● BRIEF
Using the records below, quote only the span that opens with the line containing "Patriotic Tops for" and closes with the line containing "Cardano (ADA) Price Analysis for December 1", exactly and inclusively.

● EXERCISE INPUTS
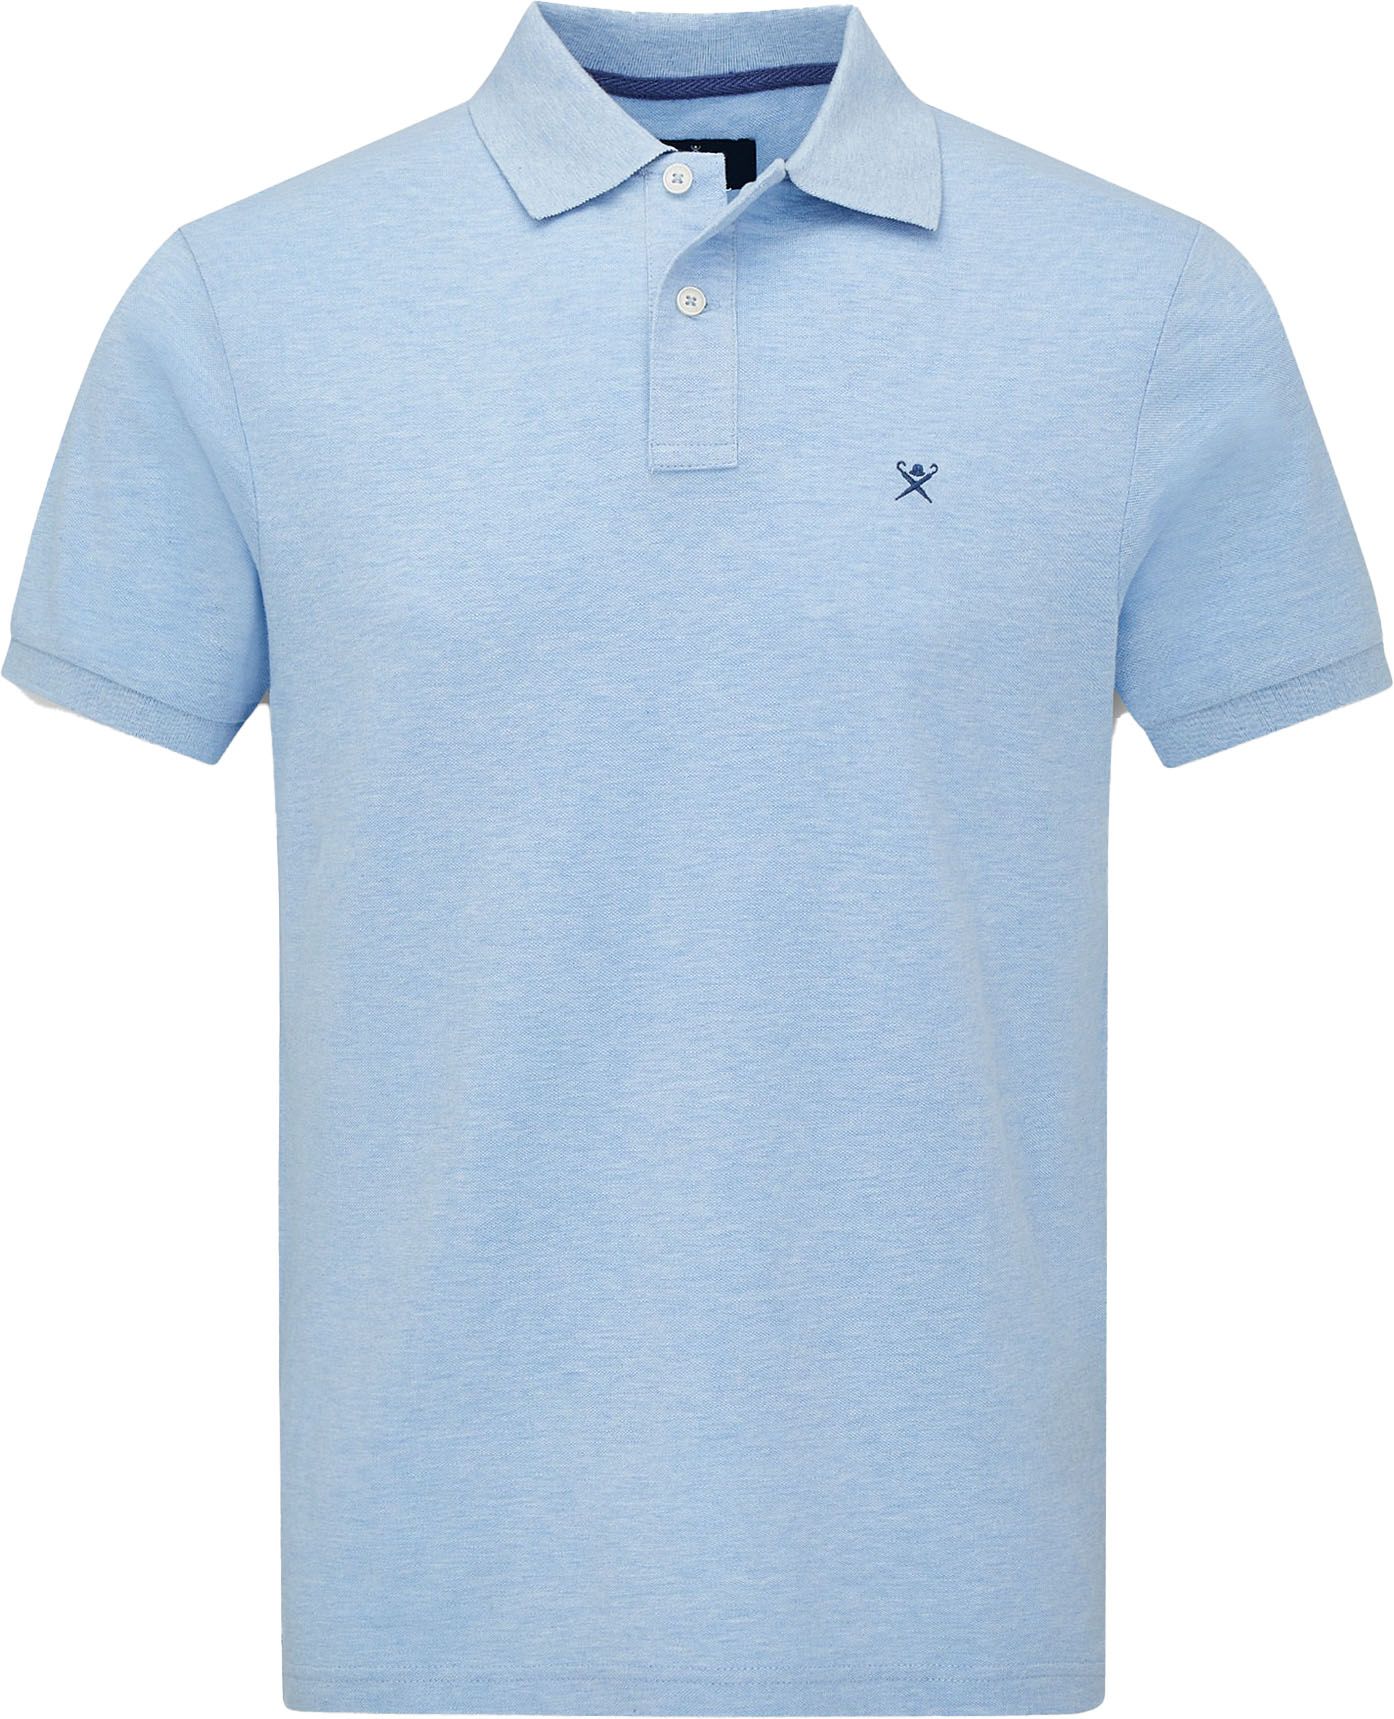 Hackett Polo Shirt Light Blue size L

==

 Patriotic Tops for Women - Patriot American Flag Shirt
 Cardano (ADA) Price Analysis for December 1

● ANSWER BELOW
 Patriotic Tops for Women - Patriot American Flag Shirt
 Cardano (ADA) Price Analysis for December 1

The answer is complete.